Servers and clients will need to be identified. The easiest way to do that would be by giving the nodes a name related to their subnet. For example, let's take a subnet called A, if we add a server to it, the server should be called A.A and if we add a client to that, the client should be called A.A.A . The actual names of the specific devices should refer to their generic type (server, client or other) and a unique identifier. Legal examples include:

• intnet.server12.client
• intnet.server12.server21.server3.client
• intnet

The connections between the network devices can be done using a modified linked list, where a node would have an array of pointers that point to the devices it's connected to. For example, a server might have three clients connected to it, resulting in it having an array of length three which is filled with pointers to its clients. If a packet gets to a server and wants to go to a client that is not connected to the server, the packet should be dropped.

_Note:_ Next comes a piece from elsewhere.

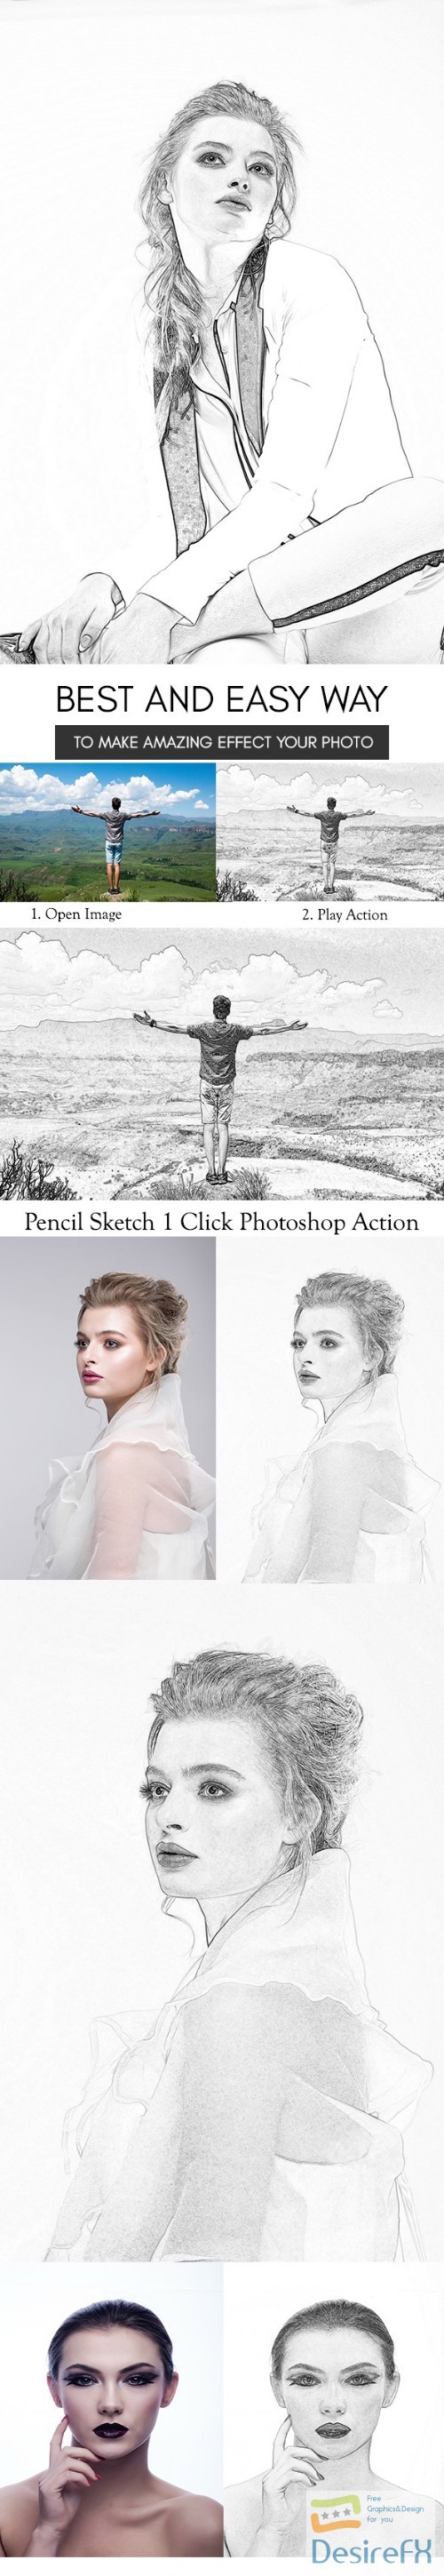 Pencil Skectch Photoshop Action 21901956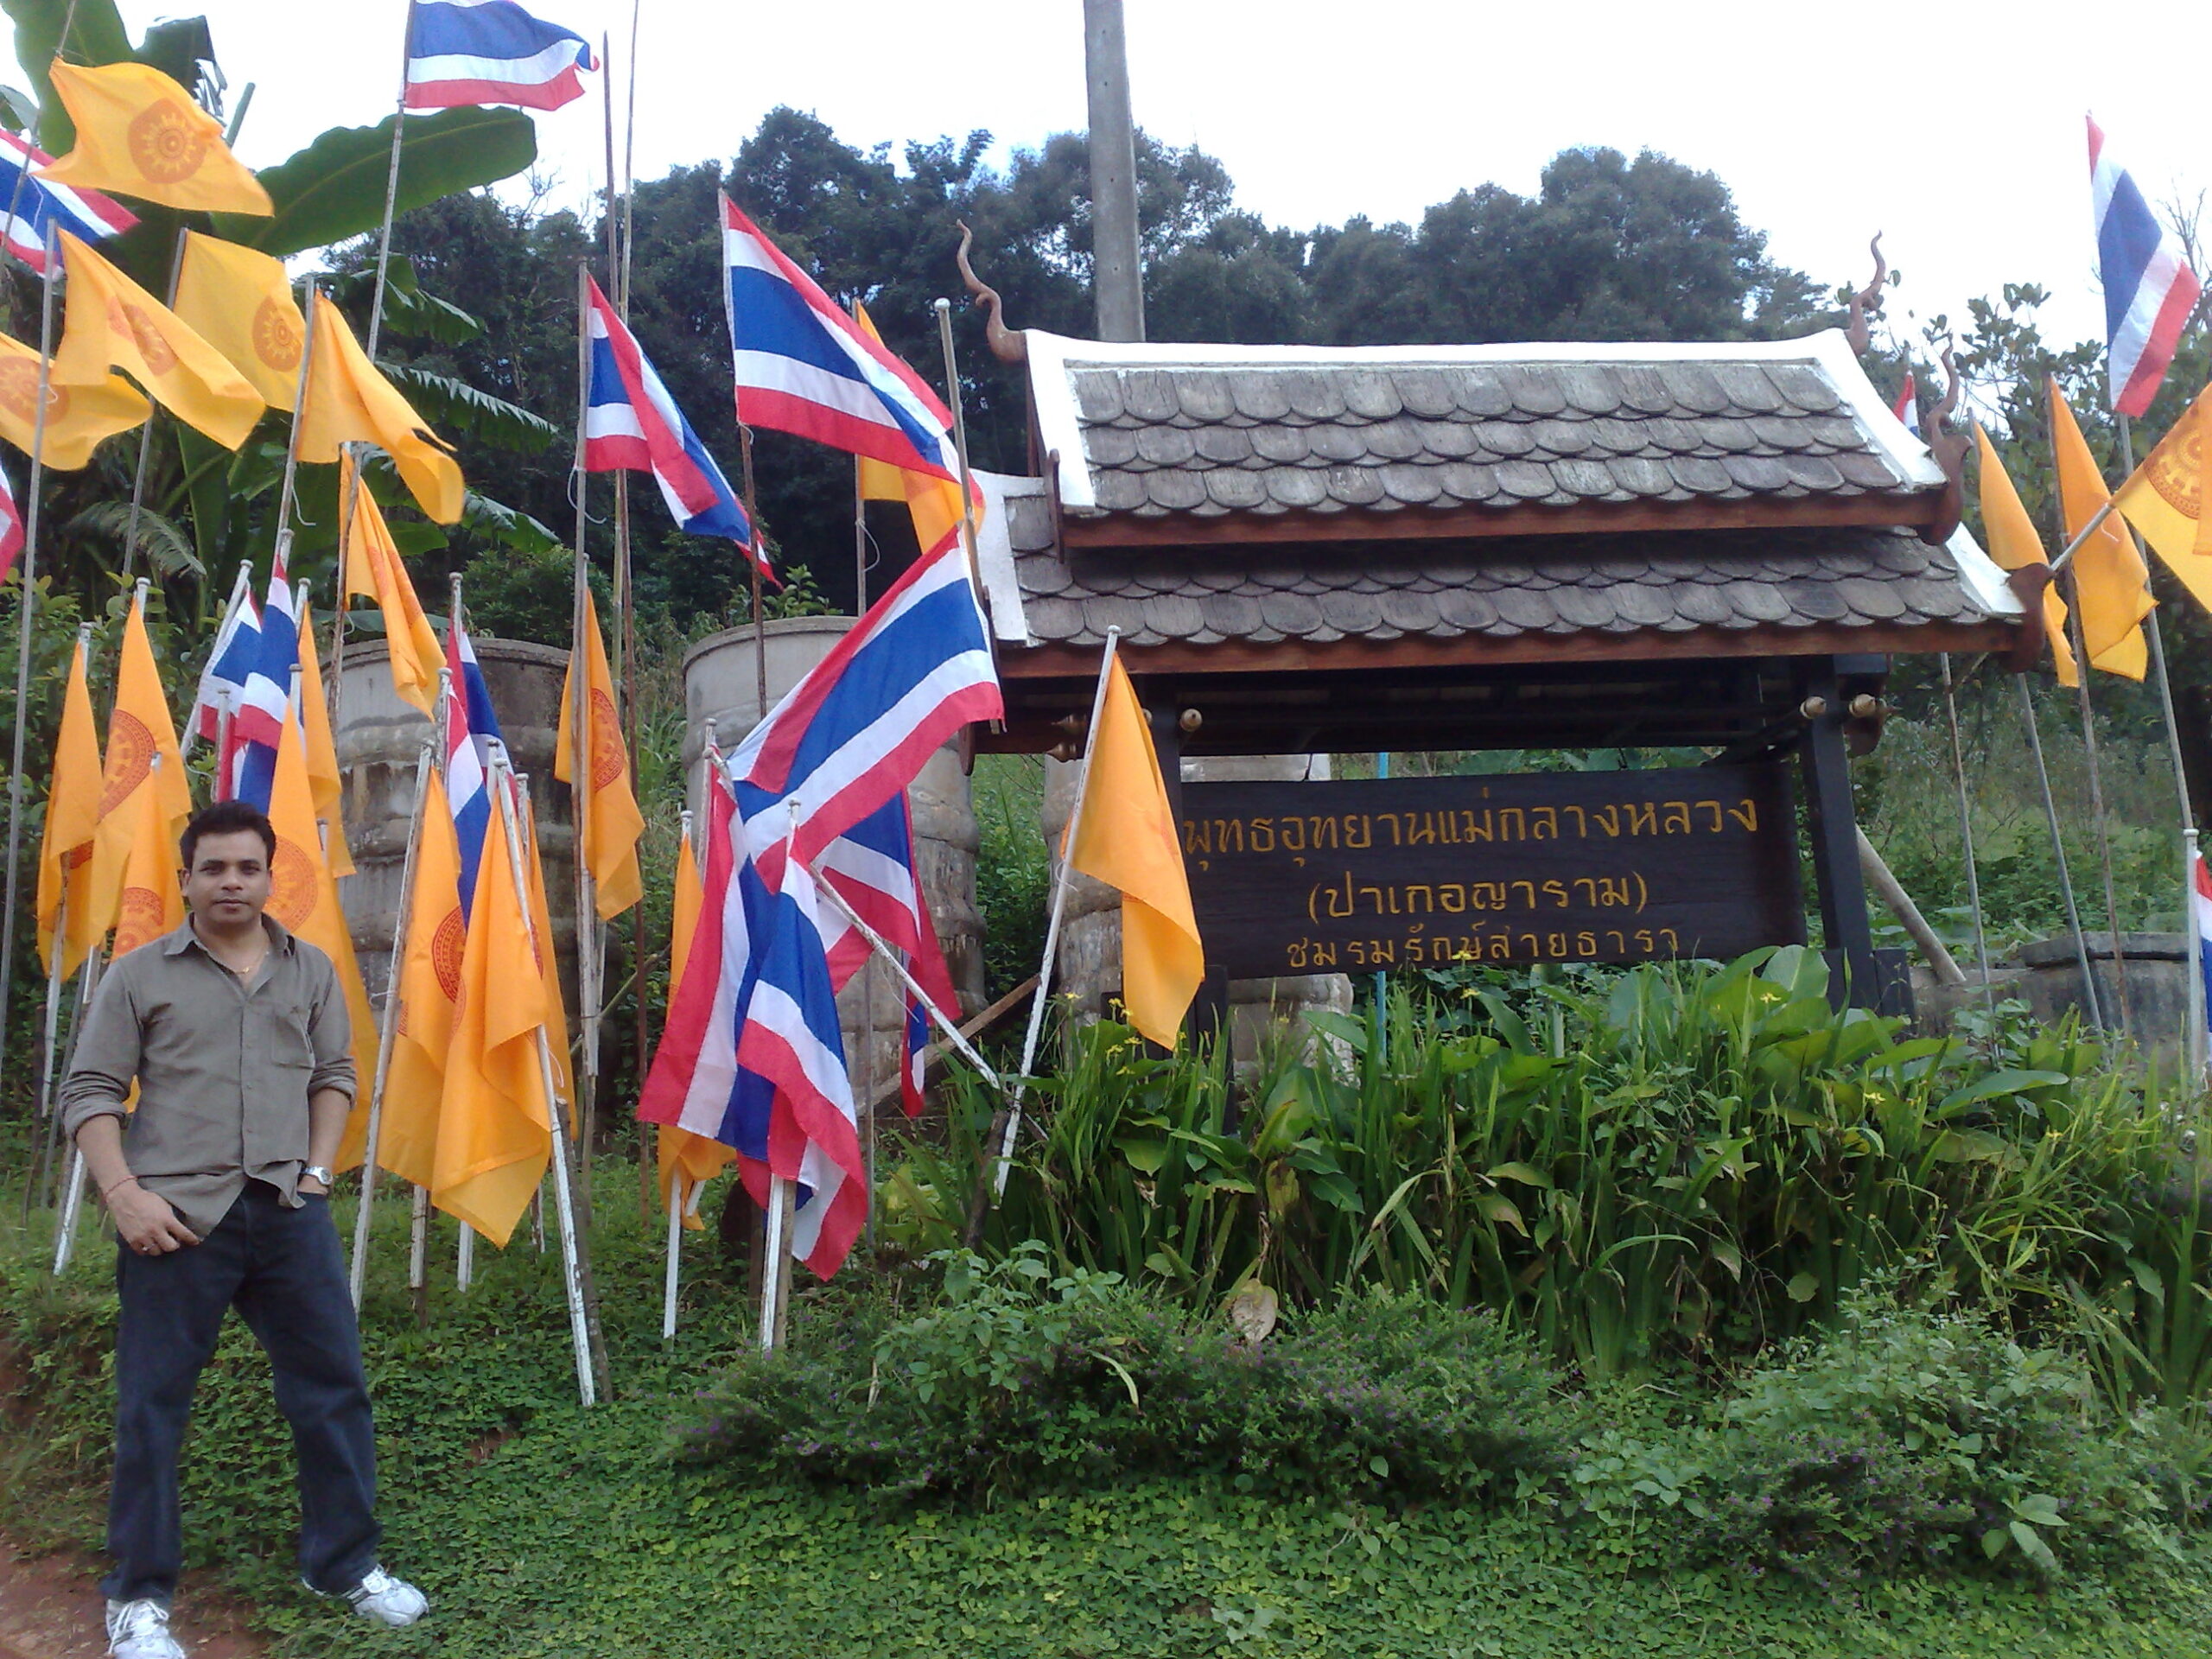 Day 4 - Visited Kirimaya Paradise Ecotourism : Chiang Mai, Thailand (Nov'11) 29

Messages can be sent in packets of a packet class. This way the nodes can acknowledge the reciept of the packets or even report back to the client if the node the packet is meant for cannot be reached. This will mean that a packet needs to have some kind of a unique identifier.

Sent messages can have a header with the name of the rest of their journey, with the current node's name being removed from the header on receipt.

The transmission methods do not have to be similar. Hubs can be simulated by having the server transmit the packets to everything it's connected to and trusting the clients to drop them or switches could be simulated by sending only one packet to the next node in the chain.

Different protocols can be simulated by obfuscating the sent messages in specific ways that require support for a specific protocol to deobfuscate. For example a fictional protocol could be simulated by having the text of the message sent in reverse and only clients with support for the right function will be able to display the message correctly.

To make sure that everything is working as intended, automated tests can be set up, making the network perform edge-case operations when this feature is run.

Different clients can be simutated by only being able to connect to servers of a specific type. A desktop computer from the late 1980's probably won't be able to connect to a WiFi network without a lot of effort so we could set it up so that's not possible.

All devices on the network should be able to write to their own output stream

Servers could use a list to store pointers to all the clients connected to them. A singly linked list should be fine as searching for the right client will be like searching through an unsorted array.